Initial value problem for Poisson-Darboux equation

Question

This is a question from 'Introduction to Partial Differential Equations' by Peter J. Olver.
The Poisson-Dabroux equation is $$u_{tt}-u_{xx}-\frac{2}{x}u_{x}=0$$
Solve the initial value problem $u(0,x)=0 , u_{t}(0,x)=g(x)$ where $g(x)=g(-x)$. Hint: Set $w=xu$
I used the hint to get the following
$$ w_{xx}= xu_{xx}+2u_{x}$$
$$w_{tt}=xu_{tt}$$
$$w_{t}=xu_{t}$$
Using the given equation to get $$xu_{tt}-xu_{xx}-2u_{x}=0$$
Using the w values obtained before and plugging them into the above equation gives:
$$w_{tt}=w_{xx}$$
Using D'Alembert's formula for a general solution:
$$w(t,x)=\int_{x-t}^{x+t} s g(s) ds$$ Now this is where I'm stuck.
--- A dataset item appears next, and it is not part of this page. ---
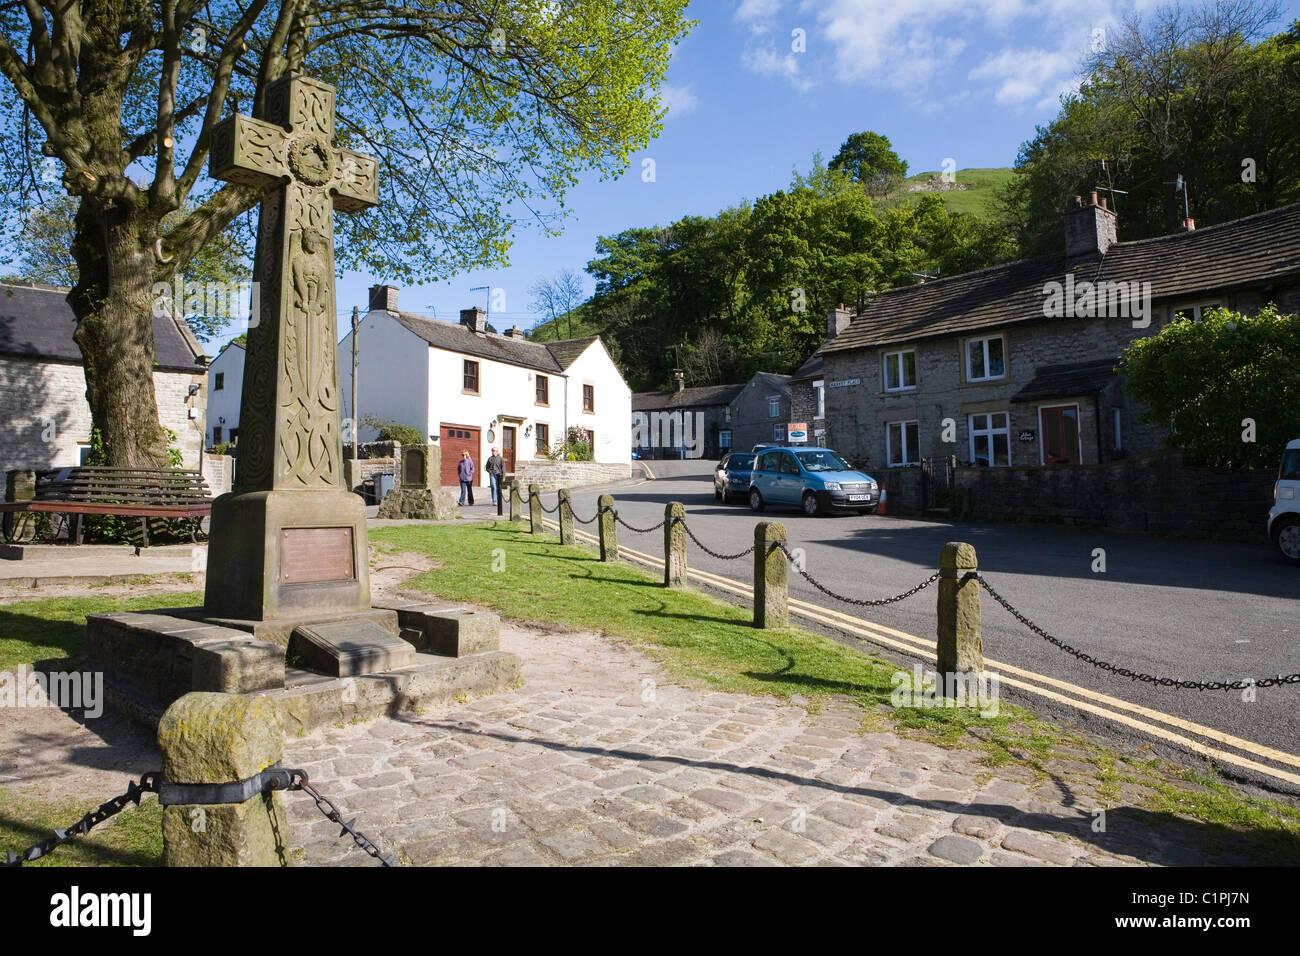 England, Derbyshire, Castleton, Saxon cross in market square in village - Stock Image

I tried using integration by parts but I ended up with a more complicated integral. Also, I reckon the fact that $g$ is even is used somewhere in the calculation of this integral but I can't figure out where either. The solution to this question is not in the solution manual either. Any help appreciated. Thank you!

Answer 1

You're already done. There's nothing wrong with having the solution as an integral. There's no indication that you need to solve it

$$ u(x,t) = \frac{1}{x} \int_{x-t}^{x+t}sg(s) ds $$